Publication date: Nov 23, 2006 10:38:09 AM

New government policies designed to safeguard children could put them at increased risk by diverting resources and creating a surveillance culture where parents are sidelined, according to a new report by Foundation for the Information Policy Research (FIPR).


The report, ‘Children’s Databases: Safety and Privacy’, whose authors include UCL's Dr Ian Brown, is published today by the Information Commissioner. It analyses the databases being built tocollate information on children in education, youth justice, health, social work and elsewhere. These systems are linking up through the new Information Sharing Index.

The government hopes that sharing information on children will improve child welfare in the UK and reduce the incidence of serious child abuse such as in the Climbié case.

However, the report's authors point out that extending Britain’s child protection systems – from the 50,000 children at substantial risk of serious harm to the 3–4 million children with some health, education or other welfare issue – means that child protection will receive less attention.

They also conclude that the systems will intrude so much into privacy and family life that they will violate data protection law and human rights law.

They list five main concerns with the current policy:

1. The new strategy will divert resources and attention away from frontline services;

2. The government hopes that sharing information from health, education, social care and youth justice systems will enable it to predict which children will become criminals.
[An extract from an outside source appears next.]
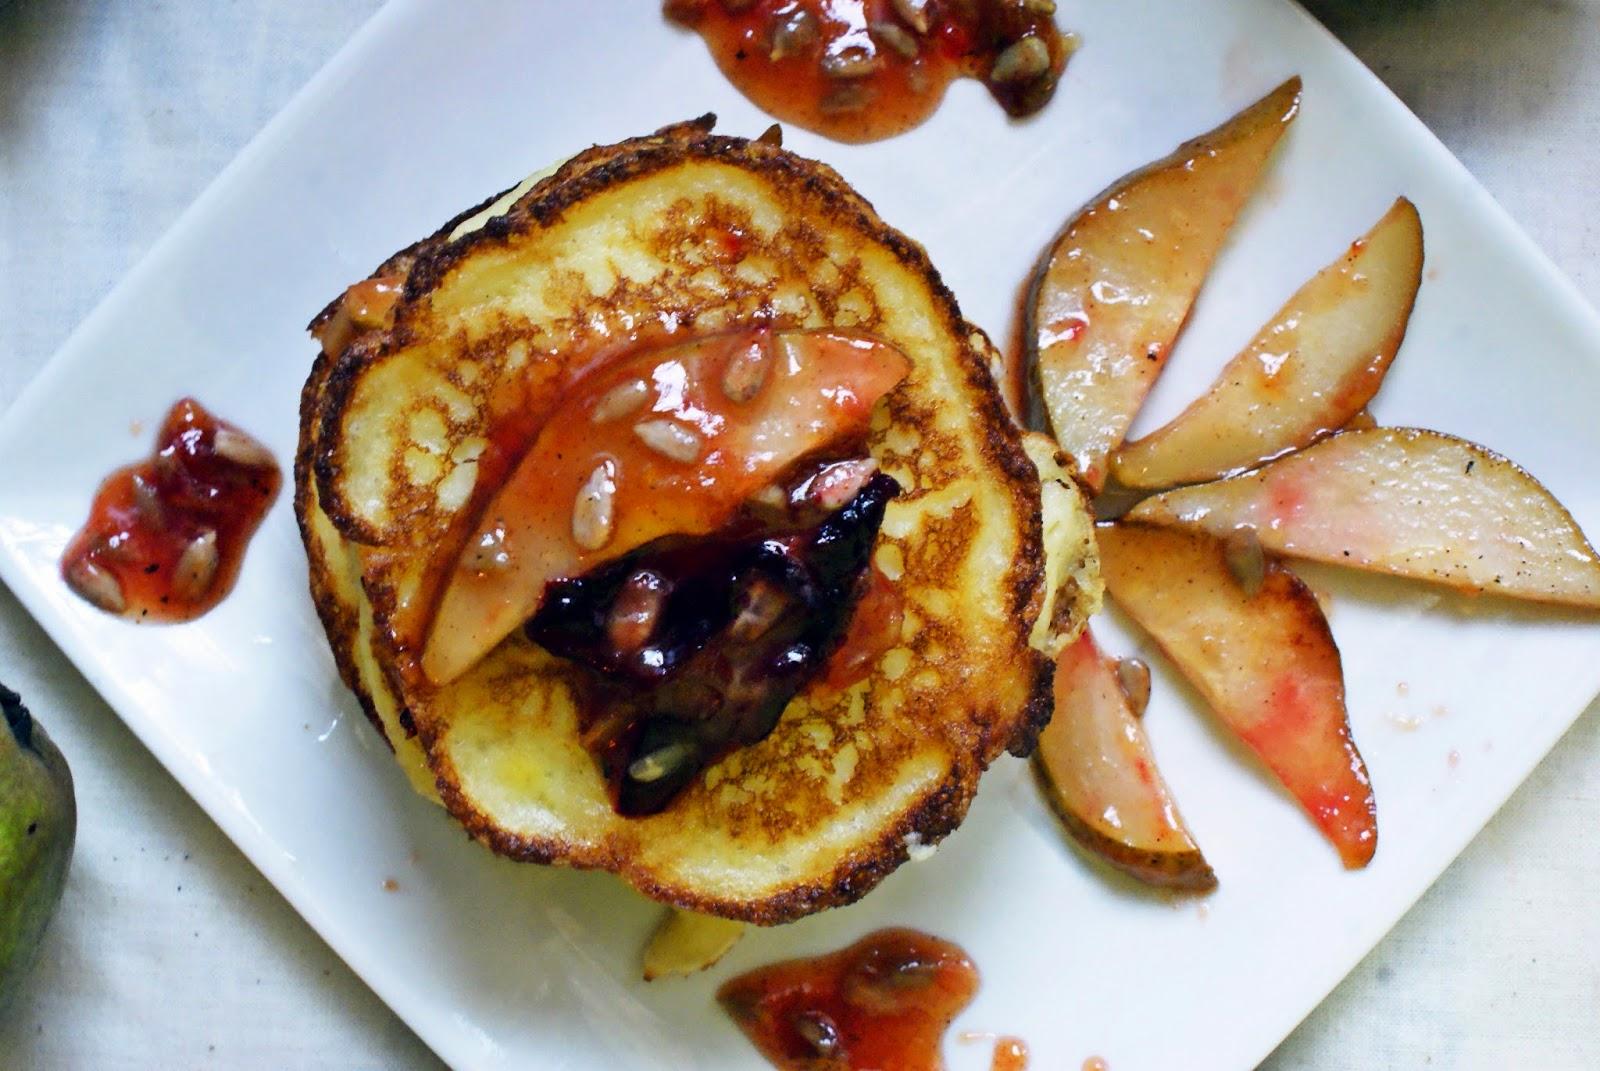 Kukurydziane pancakes z owocami karmelizowanymi w miodzie lipowym

But predictions can be highly fallible, and labelling children can stigmatise them. Children fingered by the computer as ‘bad’ may find that their teachers have lower expectations, while policemen may be more likely to treat them as suspects rather than witnesses;

3. Moving responsibility from teachers, doctors and social workers to a central system will also erode parental responsibility. Parents and children’s views will be more easily sidelined. The policy involves micromanaged targets for every child, with responsibility for achieving them placed on children’s services, rather than parents – even down to meeting ‘performance indicators’ about the amount of fruit and vegetables eaten and participation in voluntary work;

4. Children will be bullied into providing intrusive data on themselves, their parents and friends without proper safeguards, and into giving their ‘consent’ to widespread data sharing without involvement of their parents, in contravention of the law;

5. Families’ privacy and autonomy will be corroded as the government puts them under surveillance. The new policy will treat all parents as if they cannot be trusted to bring up their children and to ask for help if and when needed.

Dr Eileen Munro, of the London School of Economics, said: “When dealing with child abuse, we do need to override privacy. But the new policy extends this level of intrusion into families that are not even suspected of abusing their children, and to all concerns about children’s development. It will also over-stretch scarce resources, damage parents’ confidence and divert services from focussing on real cases of abuse.”
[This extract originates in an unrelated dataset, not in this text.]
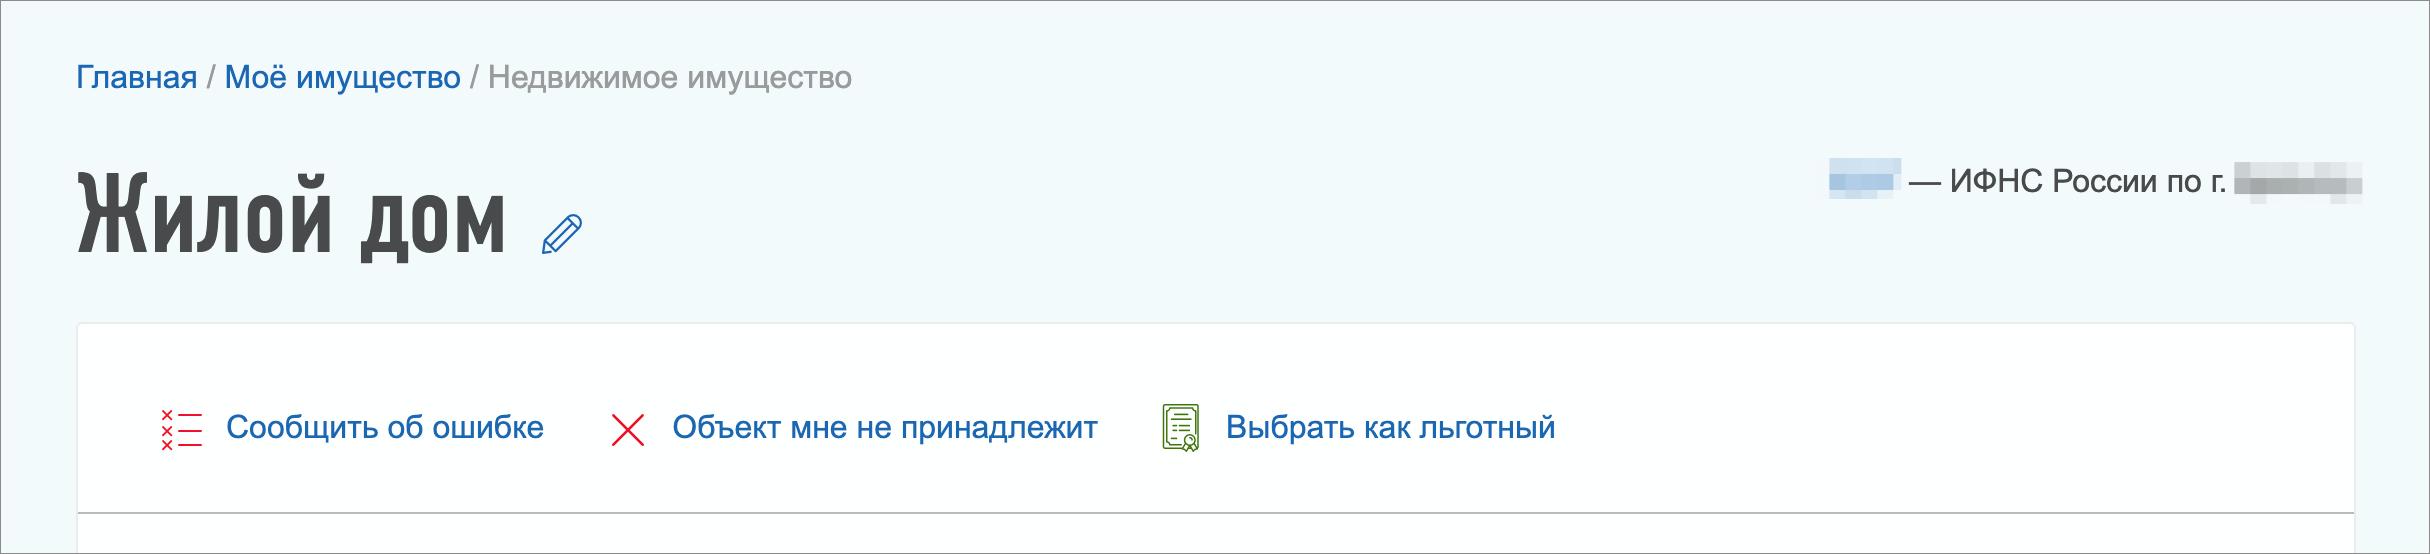 Уведомить о выборе льготного объекта можно в личном кабинете на сайте nalog.ru. Для этого нужно выбрать вид недвижимости в разделе «Мое имущество»

Director of Action on Rights for Children Terri Dowty said: “Offering services that support families is highly desirable, but you need to listen to parents and children in order to understand their problems. As it is, the Government proposes to take the child protection system and apply it to all aspects of children’s health and welfare needs, when the system doesn’t have the needed resources anyway. We also don’t want a surveillance system that forces professionals to be defensive and suspicious, and make clumsy risk assessments.”
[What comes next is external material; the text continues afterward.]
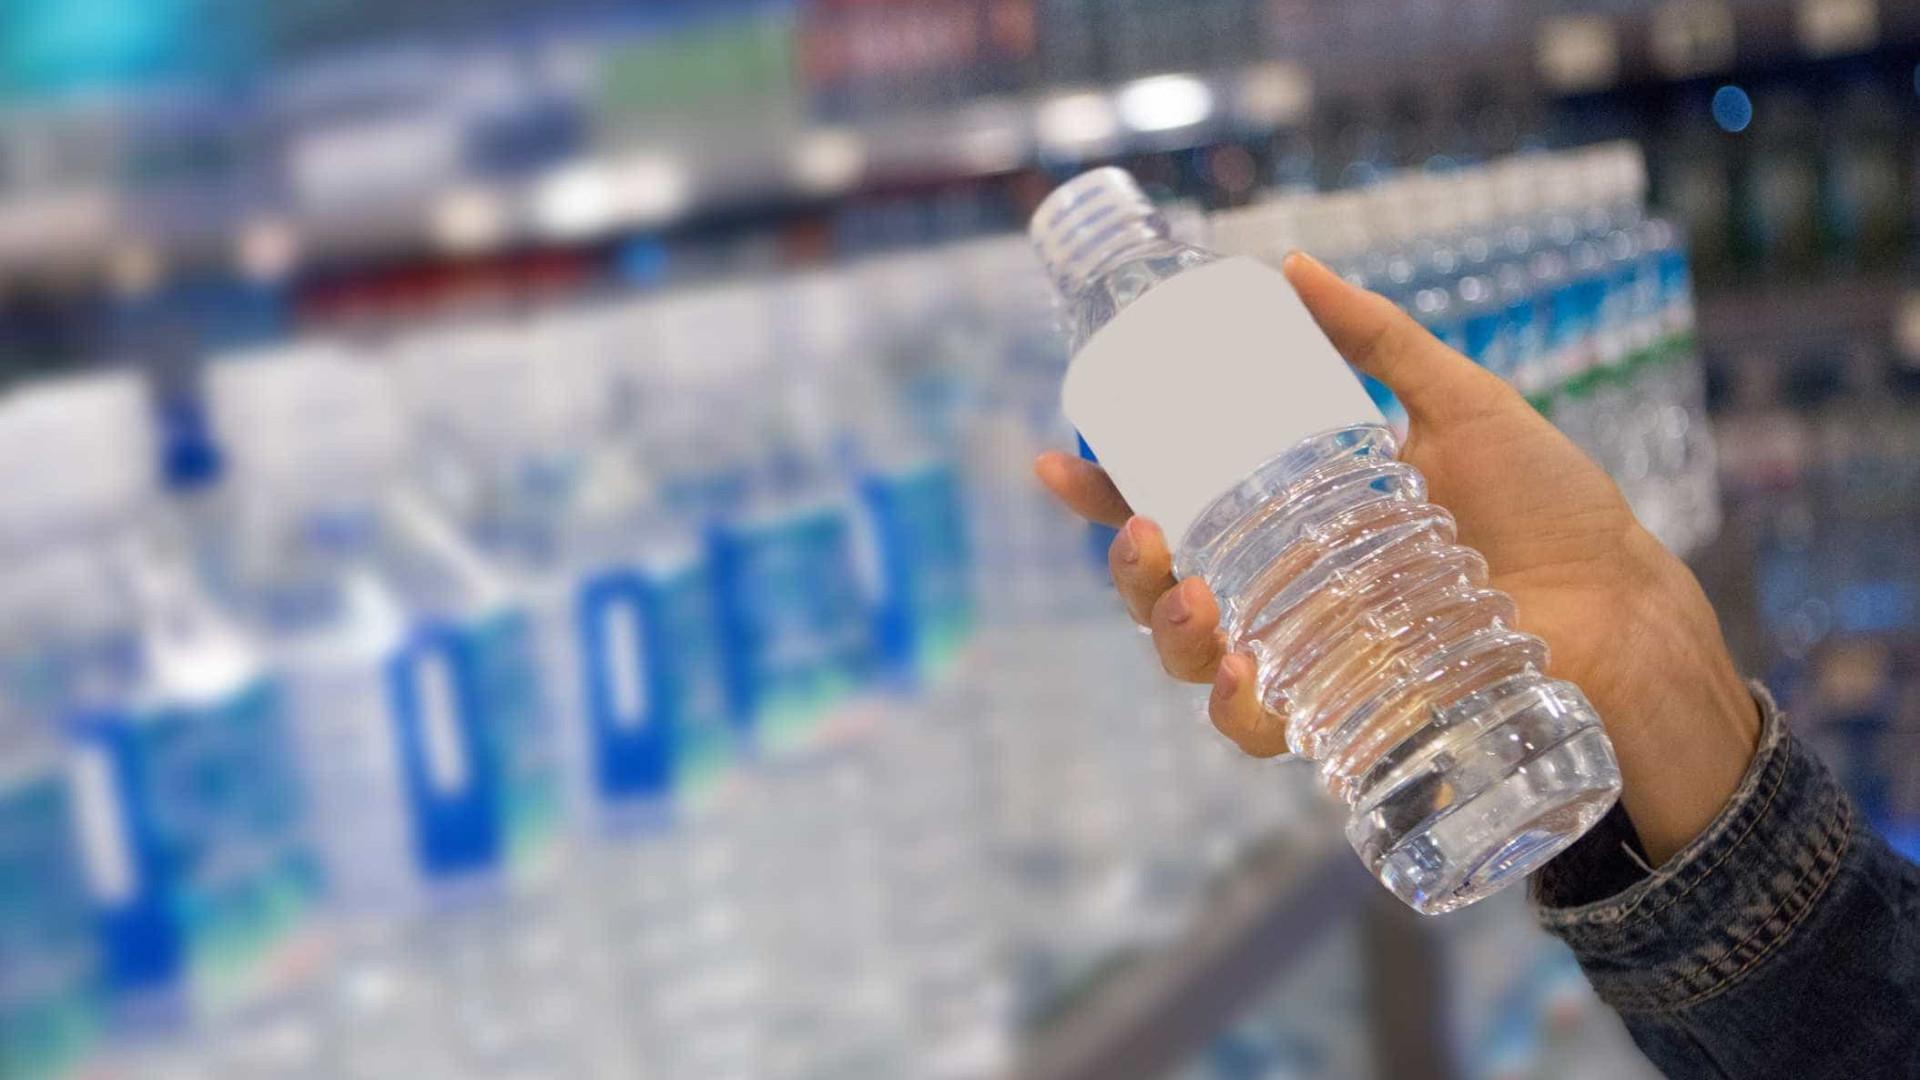 Quer cortar nas bebidas açucaradas? Beber água é a alternativa

Professor Douwe Korff, of London Metropolitan University, added: “The proposed surveillance system is contrary to the basic principles of data protection and human rights law. It replaces professional discretion (in both meanings of the word) with computerised assessments of human behaviour that are inherently fallible. The system violates private and family life and intrudes on children’s rights without justification. The Government’s aims are laudable – but this is not the way to go about achieving them.”

Professor Ross Anderson, chair of FIPR, said: “When building systems that process personal information, you can have scale, or functionality, or security. You can even have any two of these – but you can’t have all three. If we’re to have secure and functional child-protection systems, they will have to be local rather than central.”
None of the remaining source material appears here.